*** Block opens ***

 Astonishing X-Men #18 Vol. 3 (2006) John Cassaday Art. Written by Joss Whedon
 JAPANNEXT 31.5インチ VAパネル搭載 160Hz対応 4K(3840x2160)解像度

*** Block closes ***
*** Block opens ***

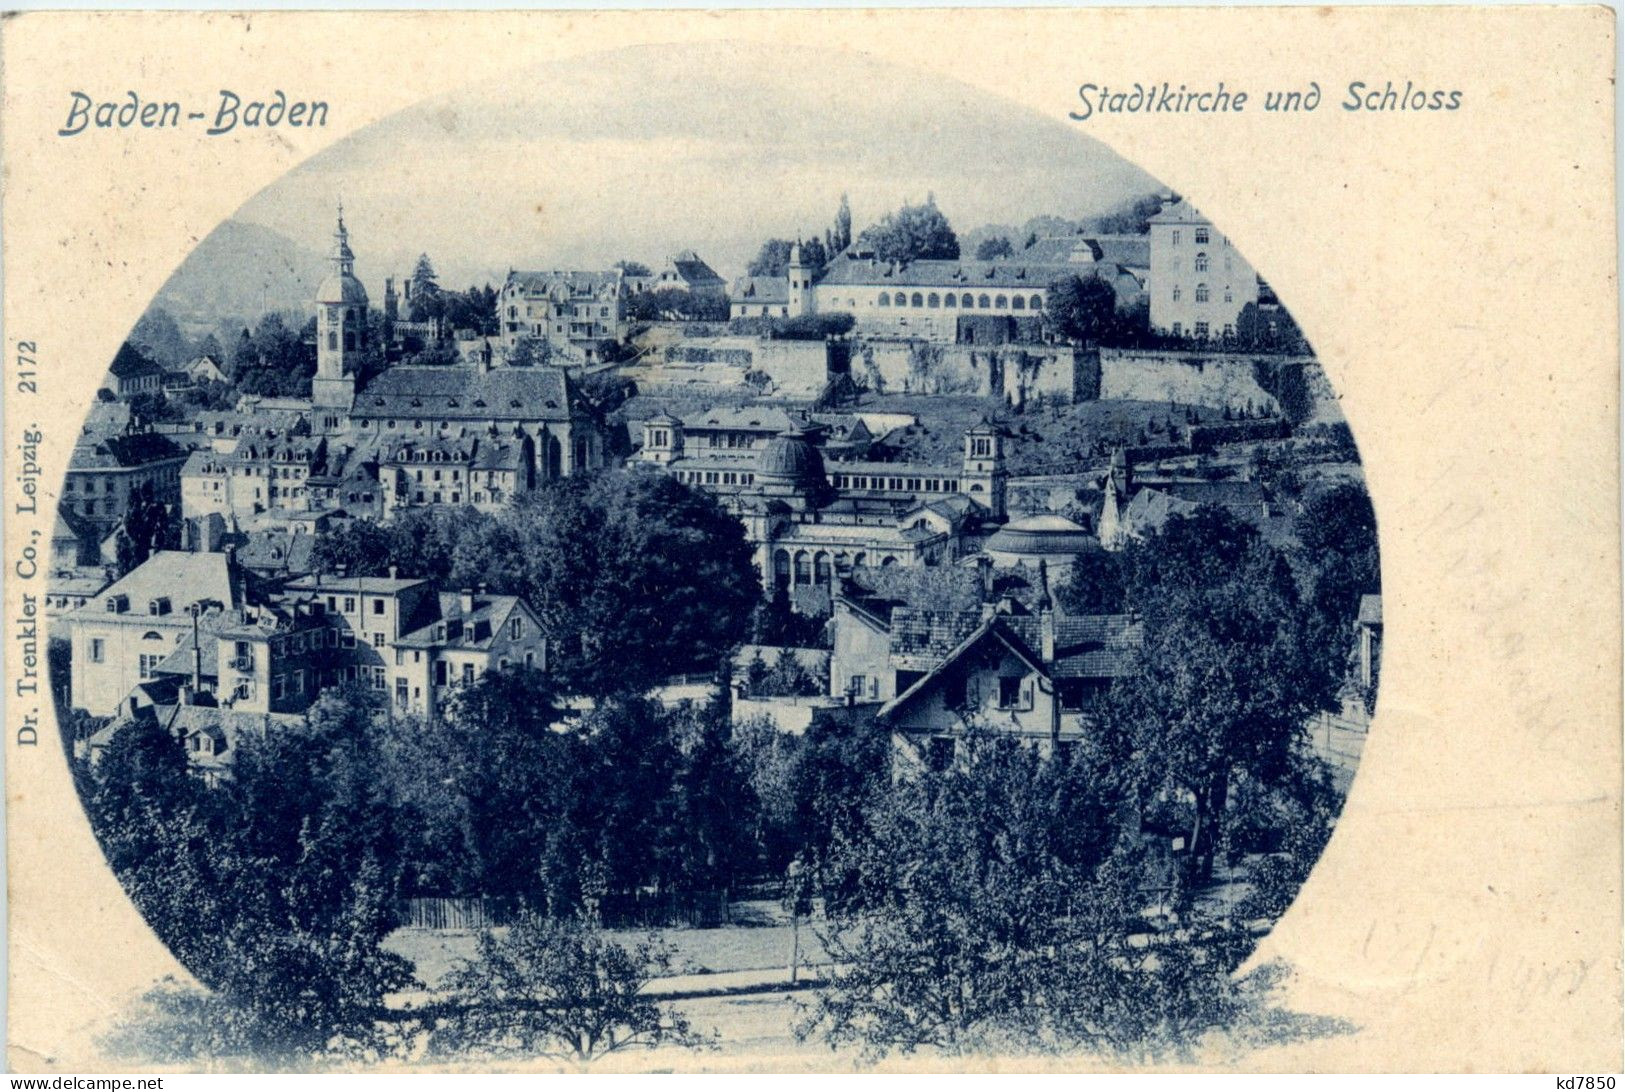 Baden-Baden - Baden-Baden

*** Block closes ***

_What the exercise asks_
Retype only this portion of the data above: the line containing "Astonishing X-Men #18", the line containing "JAPANNEXT 31.5インチ VAパネル搭載", and all lines between them, exactly.

_Solution to the problem_
 Astonishing X-Men #18 Vol. 3 (2006) John Cassaday Art. Written by Joss Whedon
 JAPANNEXT 31.5インチ VAパネル搭載 160Hz対応 4K(3840x2160)解像度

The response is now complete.